The melodious chatter of Lady Gertrude's afternoon fête was cleaved by a gasp of shock. I glanced up from the book in my hands, my own small squeak of surprise ringing out a moment too late.
The Alpha of Bleake Isle filled the open doorway.
Playing cards clattered to the table where Mother and her collective had gathered for whist. Crystal glasses of brandy thudded to trays and tables as Father and the other settled gentlemen sat up, their wings rustling in agitation. Even charming Adelaide, who never missed a note or ornamental trill of music on the pianoforte, struck a wrong key.
Today is suddenly so interesting, I thought, holding my breath in my chest, staring at the man who stood across from me.
No. Stood was too mundane a word. I'd seen the alpha, Lord Ronson Cadogan, nearly ten years ago, and another ten years before that, and the sight of him now made my heart race in terror as fast as it had when I was six and sixteen. Not that I should've expected otherwise. He hadn't changed at all. Not even by a single hair.

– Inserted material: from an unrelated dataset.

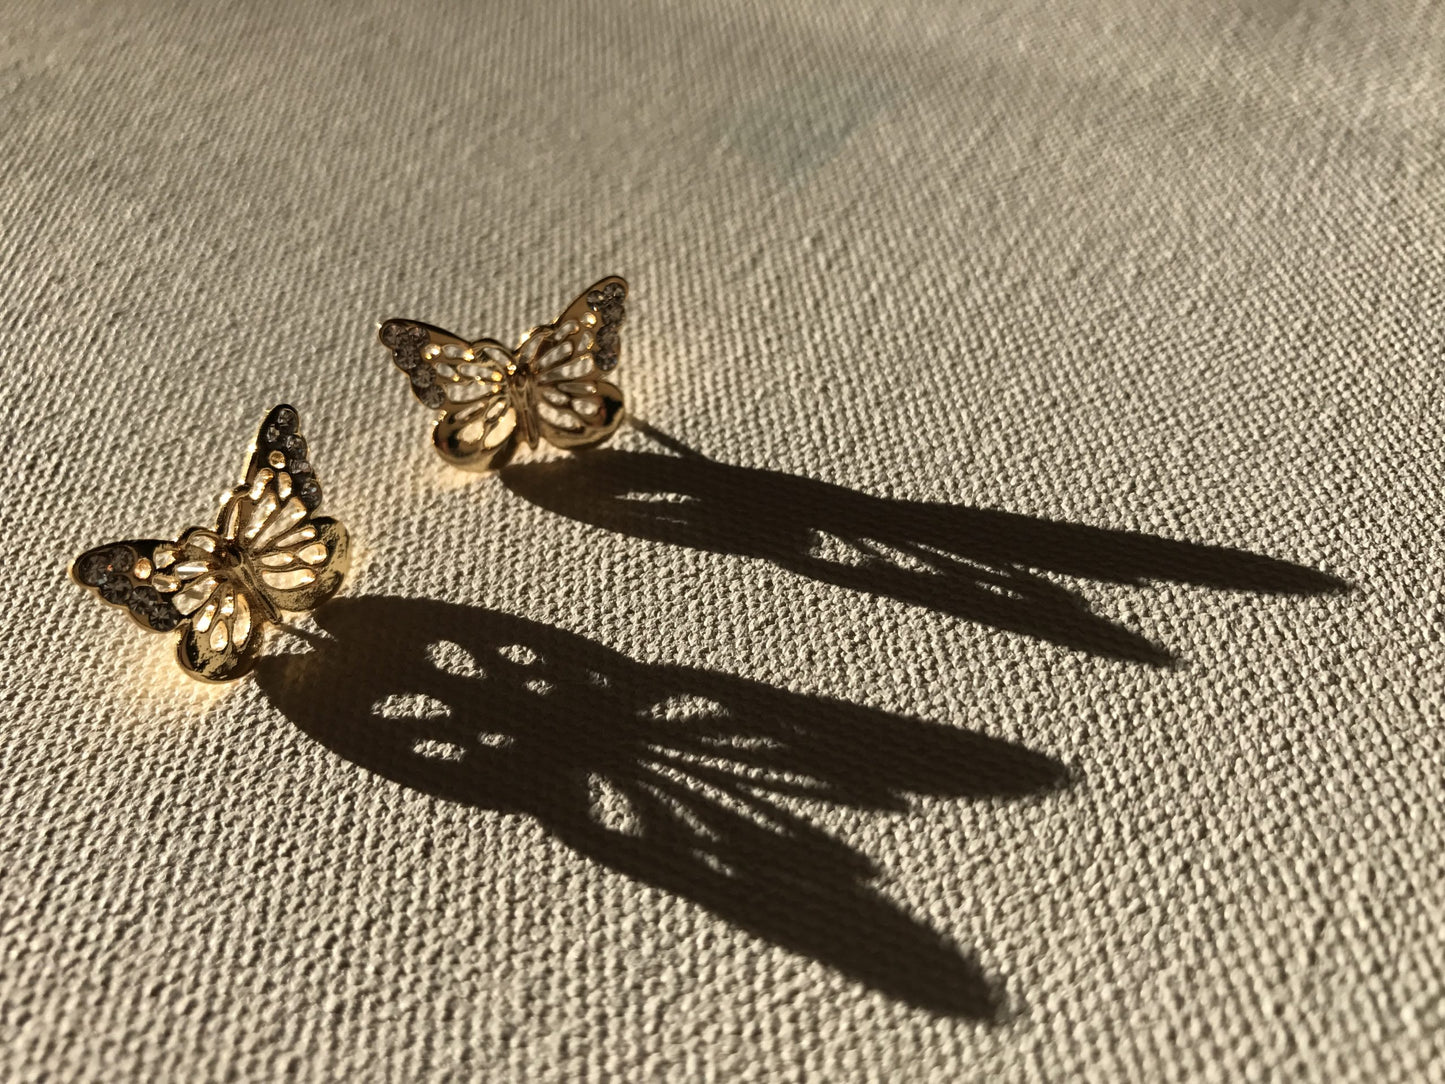 gold-tone butterfly earrings

The man threatened his surroundings, even now, his great height and breadth forced to slightly hunch in Lady Gertrude's otherwise accommodating entrance, glaring at us all out of those black eyes. The talons at the joint of his wings scratched against the wood frame, the sound harsh and jolting in our silence. The afternoon sun streaming through Lady Gertrude's windows did not shine on the alpha, but soaked into him, as if absorbed by his surly stare and dark wings.
One thought was loud, no doubt echoing through every head in the room. What day was it? Had we somehow all lost a month of our calendars? Was it already the day of the selection?
Because as long as I had been alive, the esteemed and feared Lord Cadogan, our isle alpha, had not courted society for any other reason. Father had said he was a stern man of business, often pushing against the interests of the beta gentlemen, but to my knowledge, he made no effort to spend time in the company of omega gentlewomen.
"M-my lord!" Lady Gertrude cried, rising in all her ruffles from the window seat where she surveyed her guests. Words failed her after the exclamation.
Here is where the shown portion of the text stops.